Tessa Gelisio, tessuti sostenibili

Quanti di voi conoscono i nomi dei tessuti, la loro origine e il loro impatto sull’ambiente? È questa la domanda che mi sono posta leggendo un recente studio condotto negli Stati Uniti, dal quale emerge un dato allarmante: il 69% dei consumatori non è al corrente dell’impiego di petrolio e suoi derivati per la produzione di gran parte degli indumenti disponibili sulla grande distribuzione. E non è tutto: il 93% degli acquirenti ha sovrastimato la presenza di fibre naturali o di riciclo in capi di largo consumo, per via di informazioni fuorvianti fornite dai produttori.

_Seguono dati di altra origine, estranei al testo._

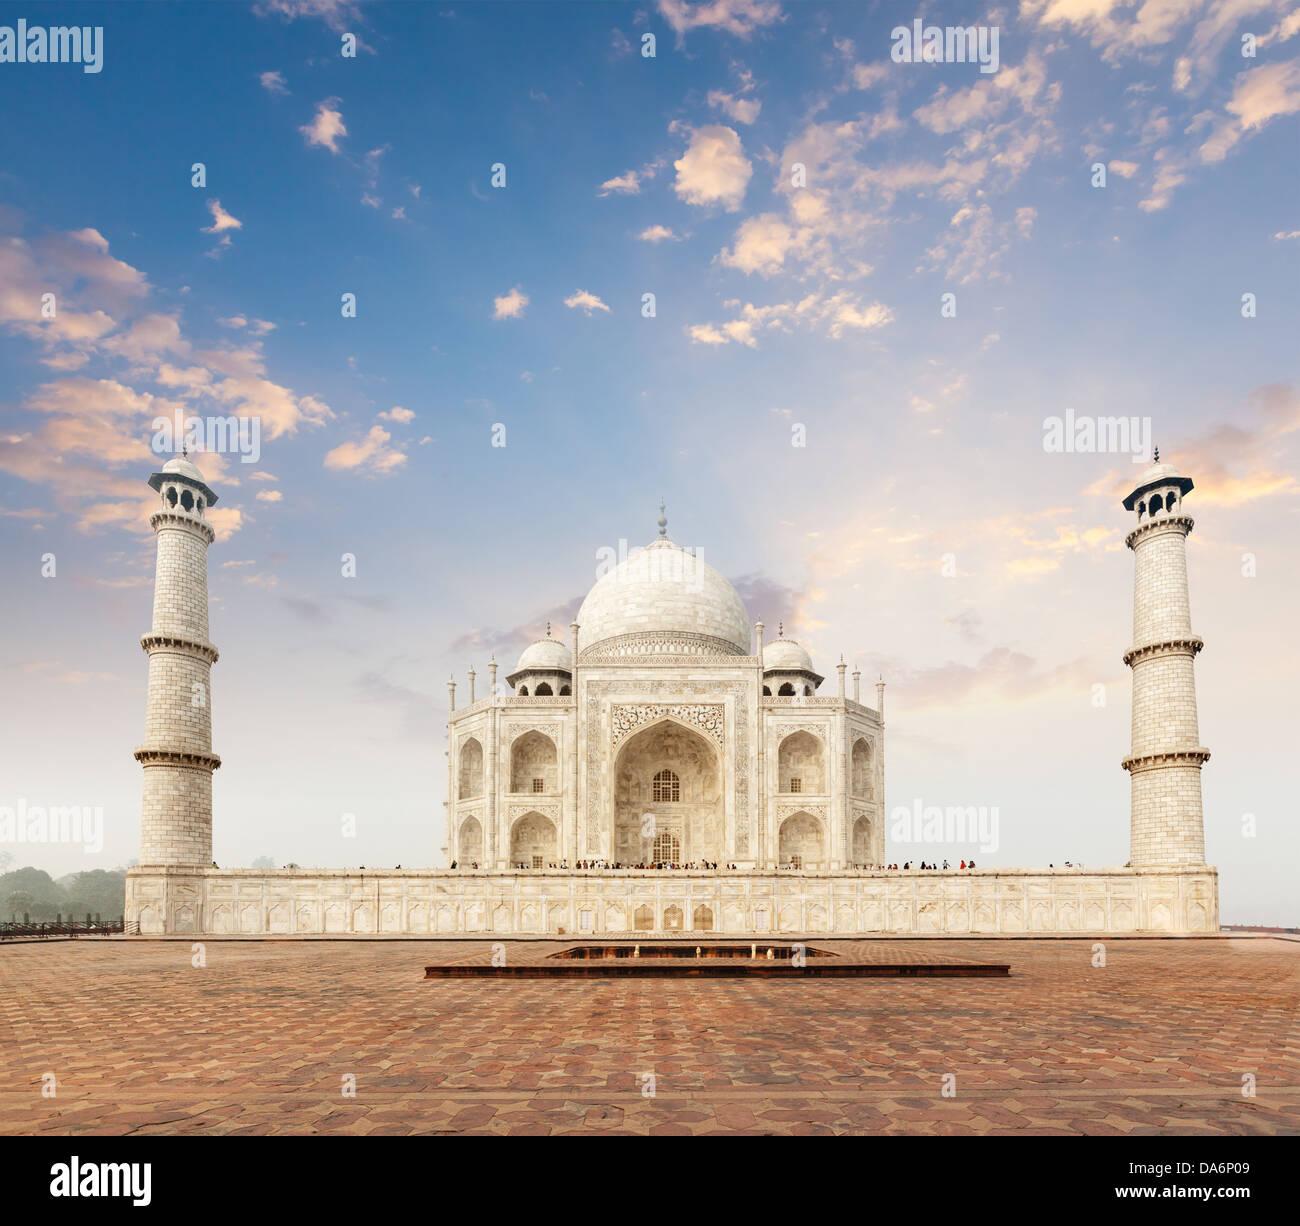 Taj Mahal. Indian Symbol - India travel background. Agra, India - Stock Image

Purtroppo è così: il settore della moda, e in particolare quello della fast-fashion, è uno dei più colpiti dal greenwashing. Allo scopo di far presa su una sempre maggiore attenzione ambientale nei consumatori, non sono affatto poche le società che hanno deciso di spacciare i loro abiti come “ecologici”, anche quando privi di fibre effettivamente a basso impatto. Ma come fare per non cadere in inganno?

Non c’è niente di meglio che una maggiore consapevolezza per non inciampare nel tranello del greenwashing. Per questa ragione, ho deciso di preparare una lista dei tessuti e delle fibre più comuni, corredata da un “semaforo della sostenibilità”: una comoda indicazione per capire, con un solo colpo d’occhio, se l’indumento che stiamo acquistando sia davvero a basso impatto.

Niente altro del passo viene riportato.